The coils came next, with thick enameled copper wire twisted onto 3D-printed shapes to make six pickup coils. Each pair of coils is connected to its own rectifier on a small circuit board. To store the rectified energy, he used two enormous capacitor banks totaling 100,000 microfarads.

Energy calculations demonstrate how limited it is. With a 40-kilogram weight lifted 18 centimeters, the pendulum can carry around 51 joules, which is comparable to 0.014 watt-hour. That amount of energy is sufficient to power six LEDs at an average of 0.28 watts for three minutes, while the swing height decreases by 13 centimeters. However, higher swings provide a higher voltage because the speed of the swing is more important than the height in induction, but they also reduce the amount of time you can use the energy. Getting the appropriate combination of swing height and weight produces more stable power.

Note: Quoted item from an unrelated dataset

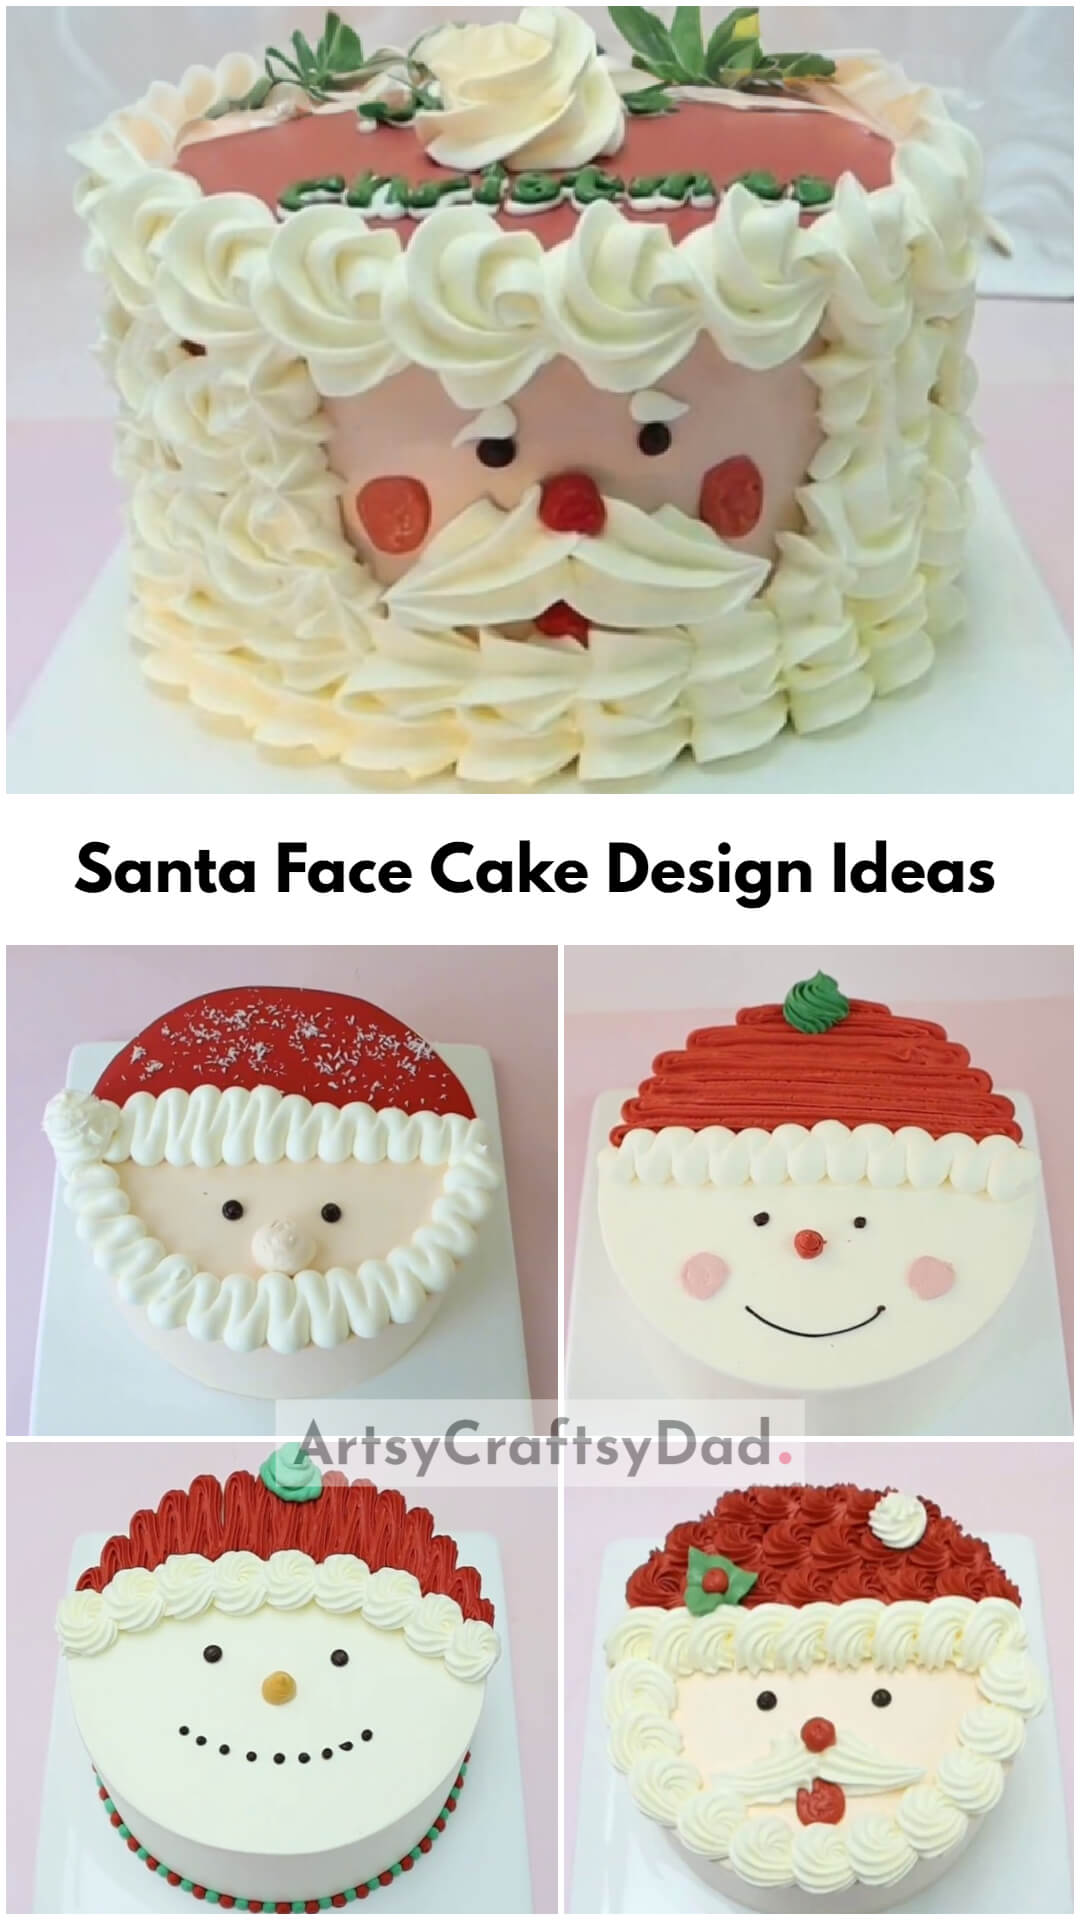 Santa Face Cake Design Ideas For Christmas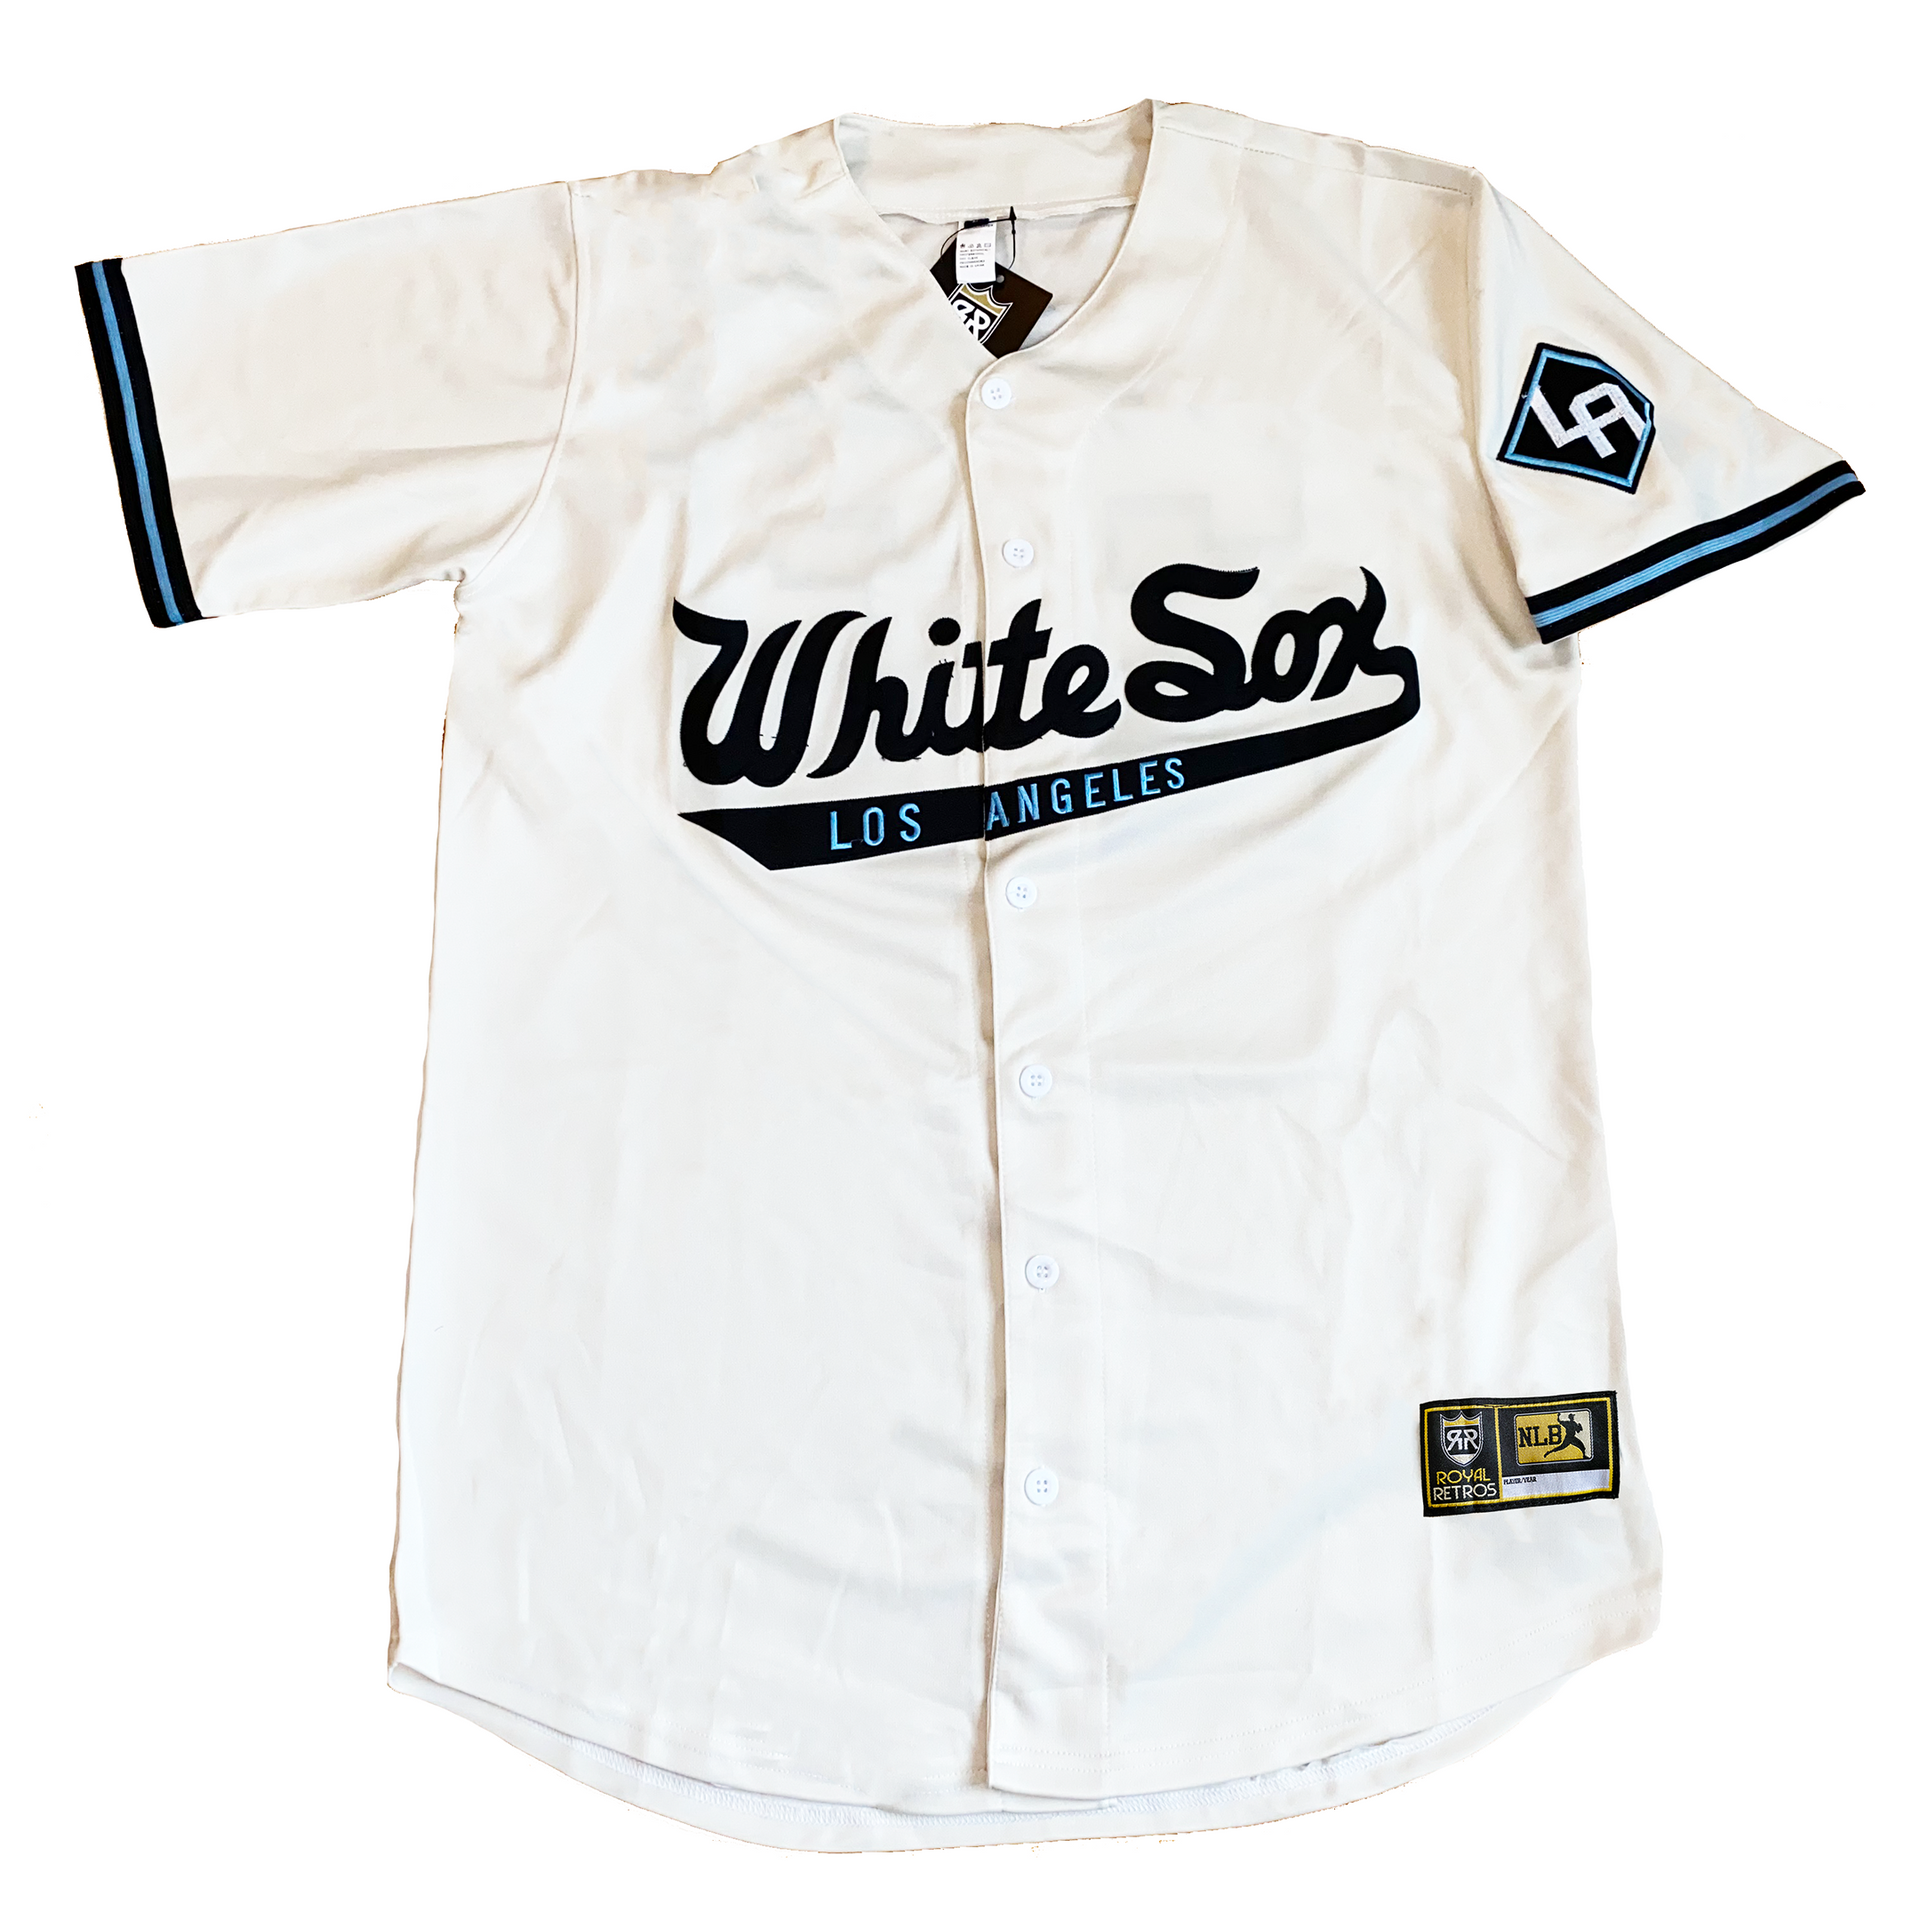 Chicago White Sox Baseball Jerseys, White Sox Jerseys, Authentic White Sox  Jersey

So he put it all to the test by shorting the coils, which caused the pendulum to come to a halt in a single swing due to the magnetic field’s enormous braking effect. An oscilloscope revealed that the peaks of the AC voltage mid-swing were around 80 volts, but after rectification, it settled down to roughly 30 volts DC. The stored charge is sufficient to operate a small fan for a short period of time, as well as an electromagnetic launcher that propels a paper plane across the room with a single swing. Phone charging is a sluggish process; a normal battery would only last about a thousand full cycles because its energy density is not as high as that of lithium batteries.